# Military Railtruck



## up9018 (Jan 4, 2008)

My son is a huge fan of the Army, as well as trains. So for our 1:20.3 NG railroad, we decided he needed an miliatry railtruck to roam about with. Therefore, we started with a Bachmann railtruck, which was torn apart and repainted in OD Green. The roof was removed from the cab, and a bow added to the rear so that a canvas roof may be added typical of WW2 era 6x6 trucks. I added sheet and strip styrene to the back of the cab to remove the wood board detail. A notch was added to the plow for the future winch cable to pass thru. I also cut the "wooden" sides down and added sheet and strip styrene, and sanded the wood grain off the stakes, to give them more of a steel bed look. I have yet to finish the other side of the bed, then the tailgate will be fitted to the truck. Afterwards, I will add bows and a canvas roof to the bed area. We will be adding details and markings typical of WW2 era. military vehicles once the primary work is done. The truck will be battery powered and operate with a Revo.

Hope you like it,
Chris


----------



## Jerry Barnes (Jan 2, 2008)

COOL idea, I like it! I've been assembling cars for a military train. Just bought a Army locomotive by K-line off ebay. Hope it works okay.
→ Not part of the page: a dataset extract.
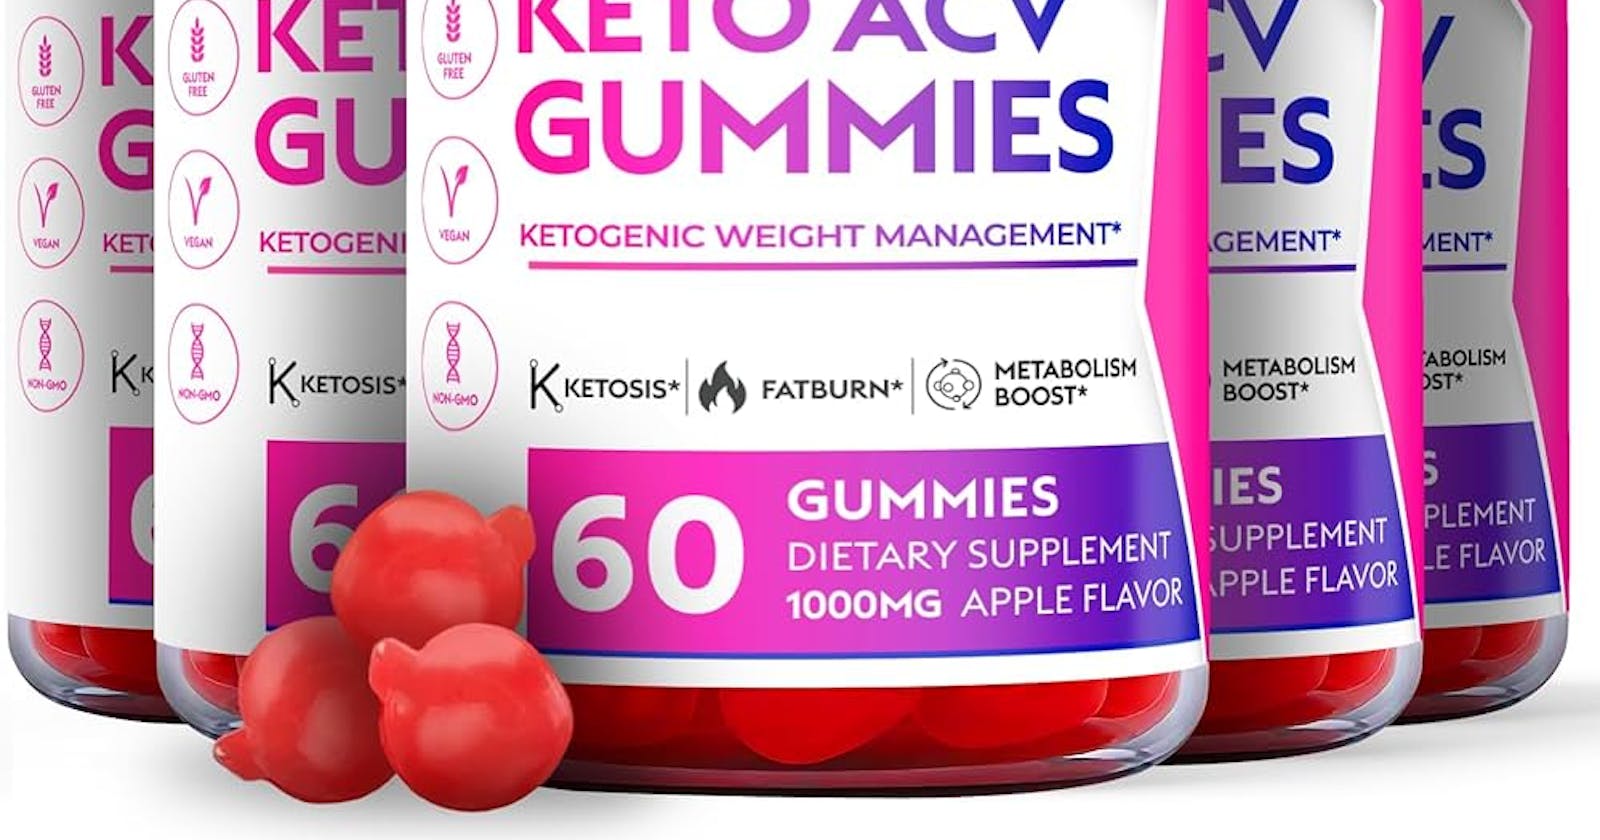 Summer Keto ACV Gummies Reviews Advanced, Natural Pain Relief! Where To Buy!
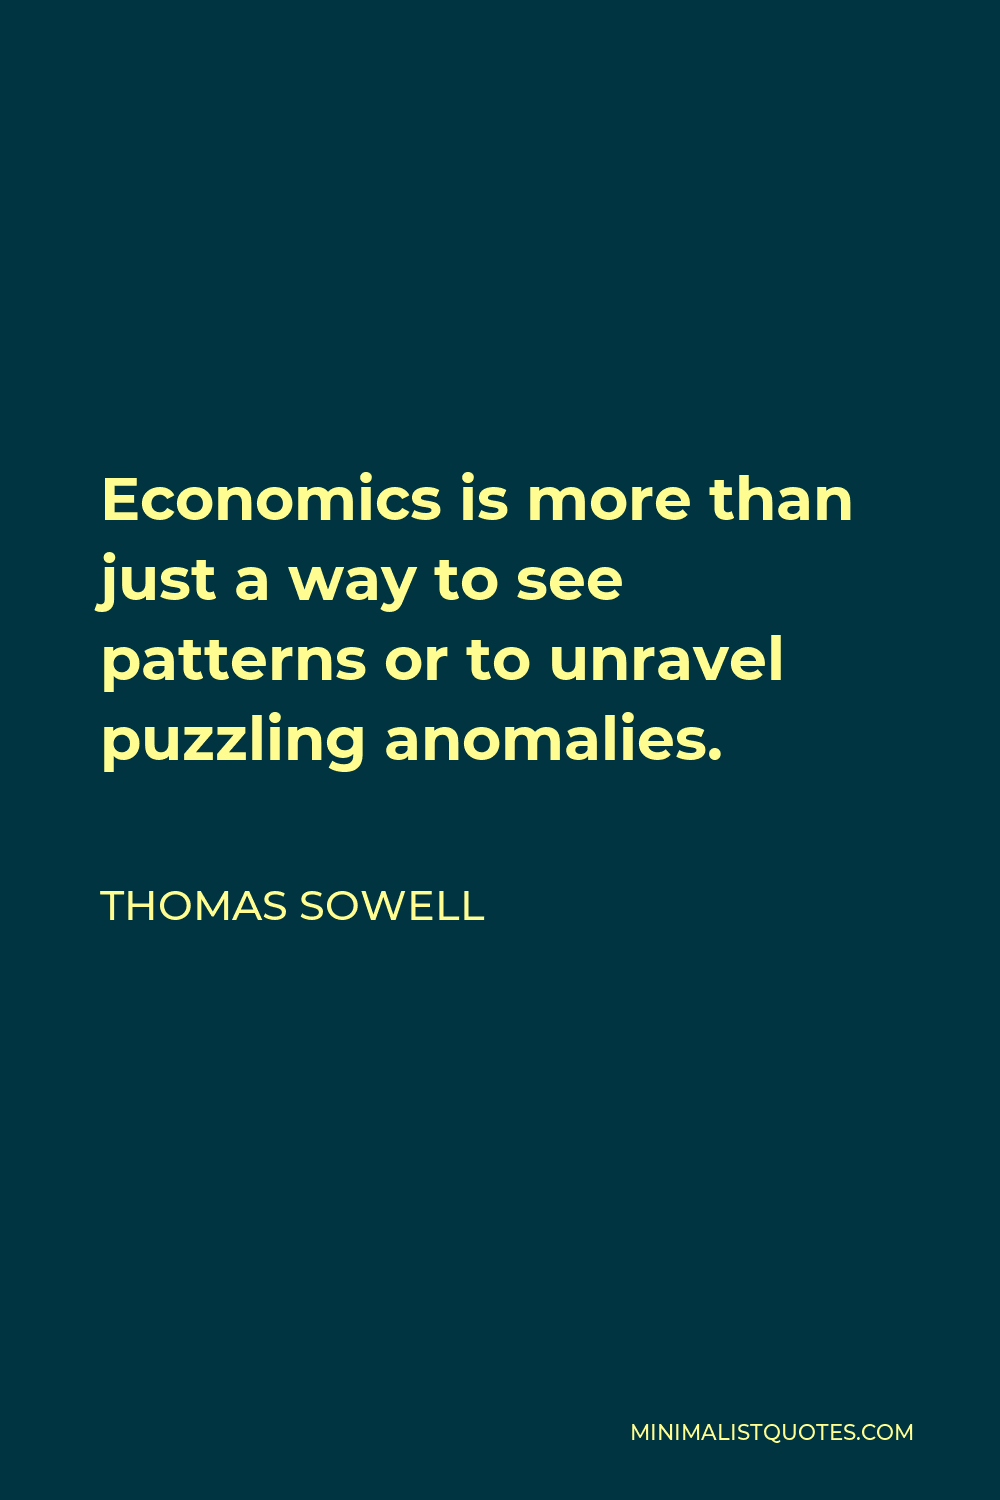 Thomas Sowell Quote - Economics is more than just a way to see patterns or to unravel puzzling anomalies.

I have the rail truck, converted it to battery power. Runs nice.


----------



## Ray Dunakin (Jan 6, 2008)

Cool project! Looking forward to seeing it completed.


----------



## Totalwrecker (Feb 26, 2009)

Cool truck.
I found a gun you can tow behind it;









Should keep ya busy...

John


----------



## Paulus (May 31, 2008)

Chris it looks great already. Hope to see some more pictures of it!


----------